Susie also shares an important local secret: If you’re eating downtown, get reservations in advance. That’s an absolute, whether you’re eating crab cakes at Vic’s on the River on Savannah’s magnificent riverfront or at the Olde Pink House, one of the oldest and best venues for Southern comfort food (and also, the old headquarters for the occupying Union general, William Tecumseh Sherman). Great dining options are everywhere, whether you’re hankering for fancy alligator fritters at Alligator Soul or a premium pimento cheese sandwich at Husk. Savannah’s bar scene is simply the stuff of Southern legend. Sorry Charlie’s Oyster Bar & Cocktails keeps a special Fish House Punch on tap, along with a menu of colorfully named cocktails— like Painkiller. And Captain’s Lounge makes a good follow-up. But the one to absolutely not miss is getting a drink at—wait till you hear this one—the American Prohibition Museum. (No, we’re not kidding. It has a speakeasy.) Wherever you go, keep in mind Rule No. 2 (from “Midnight in the Garden of Good and Evil”—the film: If you have to leave a party, you always take a traveler. In Savannah, if it ain’t in glass, you can take your libation with you.

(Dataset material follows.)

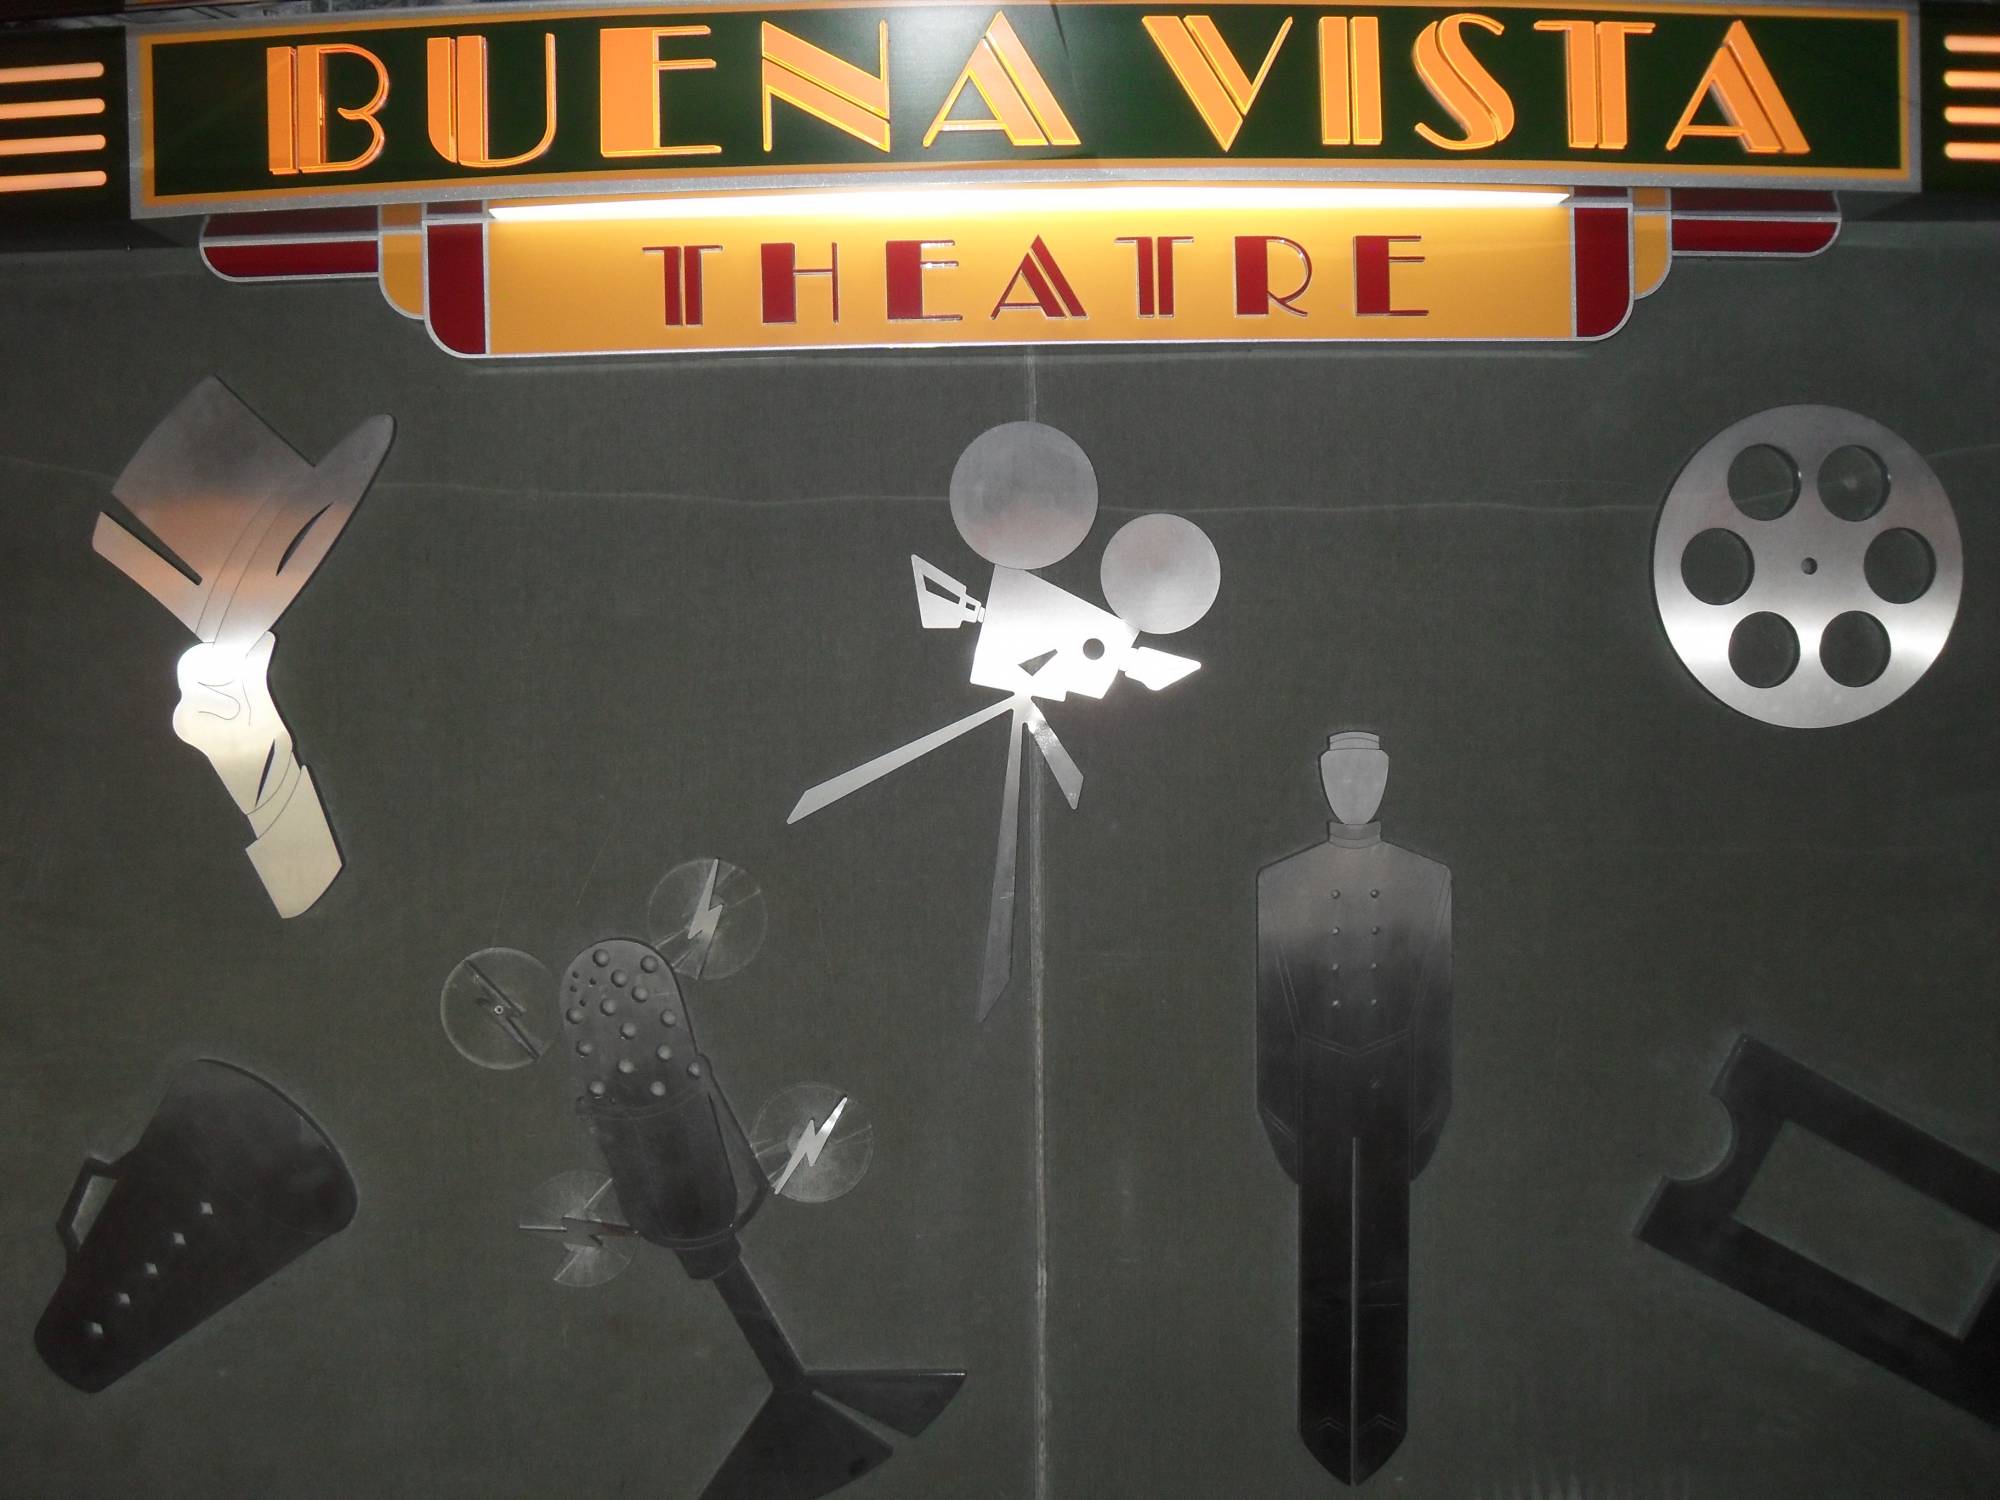 Buena Vista Theater

Cooling Off in the Blue Blazes
With all this fancy footwork you’re doing downtown under the Georgia sun, your return to CreekFire Resort will never be more welcome. You may have heard a local say, “It’s not the heat … it’s the humidity.” The truth is that it really can feel hotter than the blue blazes in the Summertime, but the resort has the exact accommodation guests need for an epic cool down. It can be neatly summed up in two words: lazy river. Sure, there’s the splash pad where the kids can safely get wet and go wild within sight. Sure, there’s the swimming pool and the spa. But that lazy river. Man! That’s the ticket. Susie and the resort staff themselves can’t help but smile as they watch their guests soak it in. “Our pools are definitely our main attraction. In the summertime, our splash pad area is usually filled with the younger kids and, of course, their parents.” Then she chuckles, “The lazy river, you know, you would think that would just be for kids, but—quite frankly—I probably see more adults in that river. It’s located right next to our pool bar and grill, so a lot of times they go get their frozen drink, cocktail, or beer, get in their little floatation, and relax on the lazy river with their cold drink in hand.
Yes, and yes. Just what the doctor ordered. Even more, Susie says that everyone enjoying themselves at the pools and recreation areas has an impact on resort culture. “It really turns into a family resort. There are kids everywhere over in the sports courts area playing games. Obviously in our splash pad or on our lazy river.” She pauses, “It really turns into a community of families.” Folks come from all over the world to experience that kind of community. Older couples and retirees often snowbird over Winter and then stay on. Traveling nurses frequently check in too. Families come from everywhere—whether that’s the neighboring Carolinas or from Canada and the U.K. They all keep coming back. Back to that lazy river. Back to The Lake House and its gator-filled waters. Back to the damp heat and the cold drinks. To the resort that fills their calendar with karaoke, dance parties, water aerobics, and RV rallies. To the place where their trash is picked up and their propane can be filled before they hit the road again. Small wonder they return each season. The draw is no mystery. It’s Savannah’s ever-so-predictable recipe for comfort and hospitality that—somehow—always still leaves a little room for surprise.